Published: February 24, 2009

Manufacturers of hazardous substances should not be liable for contamination that occurs after a product is sold, attorneys for Shell Oil Co. told the Supreme Court today in a case addressing two critical liability issues for toxic-waste cleanups.

Shell, Burlington Northern Railroad and Santa Fe Railway Co. are asking the court to overturn a decision by the 9th U.S. Circuit Court of Appeals holding them jointly responsible for the cost of a Superfund cleanup at a chemical distribution plant near Bakersfield, Calif.

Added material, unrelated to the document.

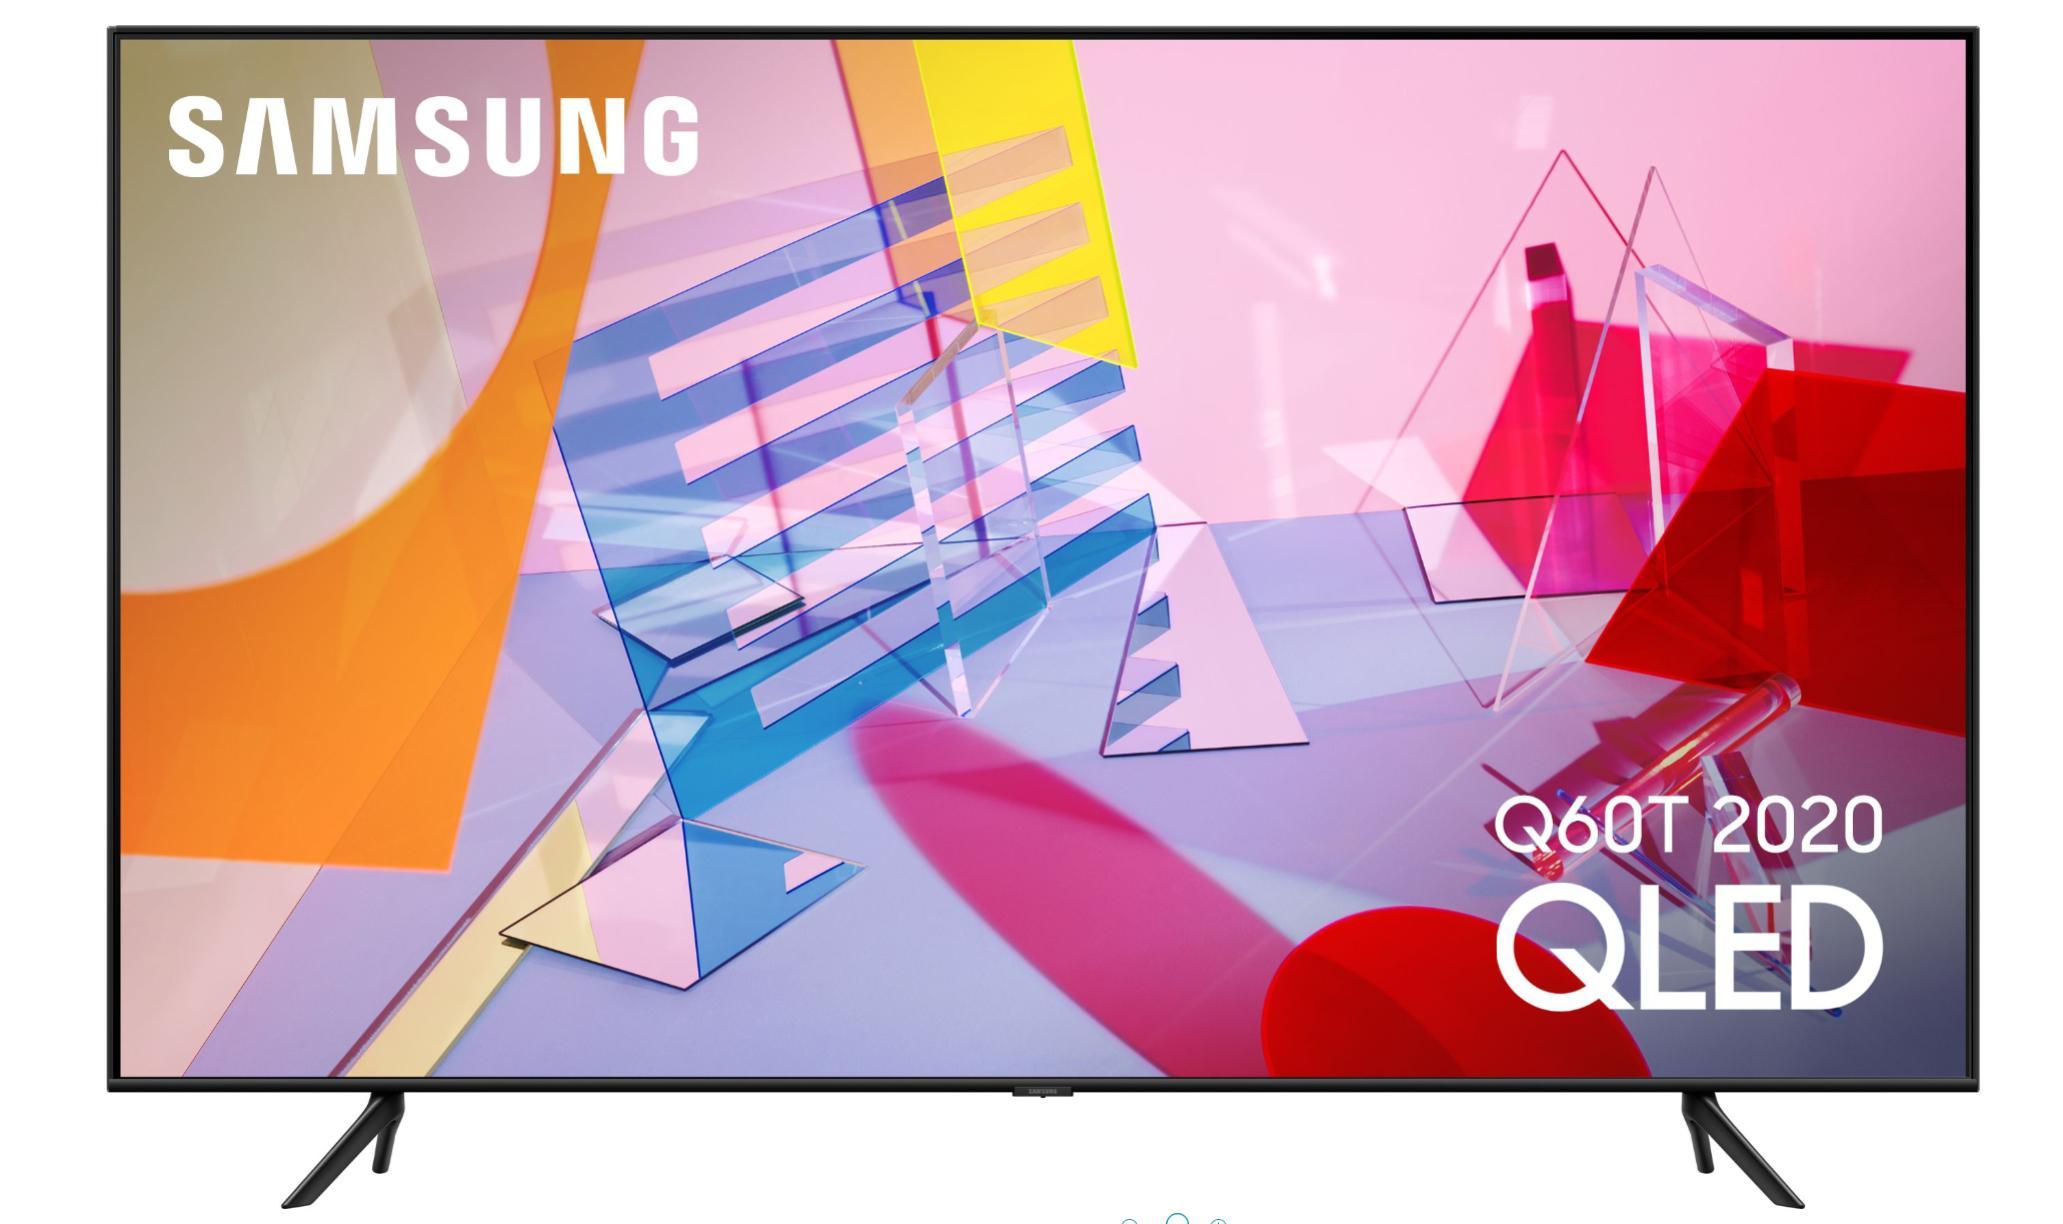 "TV 65"" Samsung QE65Q60T (2020) - QLED, 100 Hz, 4K UHD, HDR 10+, 3100 PQI, Smart TV"

U.S. EPA sued the defunct chemical distributor, Brown & Bryant Inc.; Shell, which made the two chemicals that contaminated the site; and the railroads, which leased the land to Brown & Bryant.

A district court found the companies liable, but only for a small portion of the costs — Shell at 6 percent and the railroads at 9 percent.

The government appealed, and the 9th Circuit reversed the decision, ruling that Shell and the railroads could be held liable for up to the entire cleanup bill. Cost apportionment under the Superfund law “is the exception, available only in those circumstances in which adequate records were kept and the harm is meaningfully divisible,” the court ruled.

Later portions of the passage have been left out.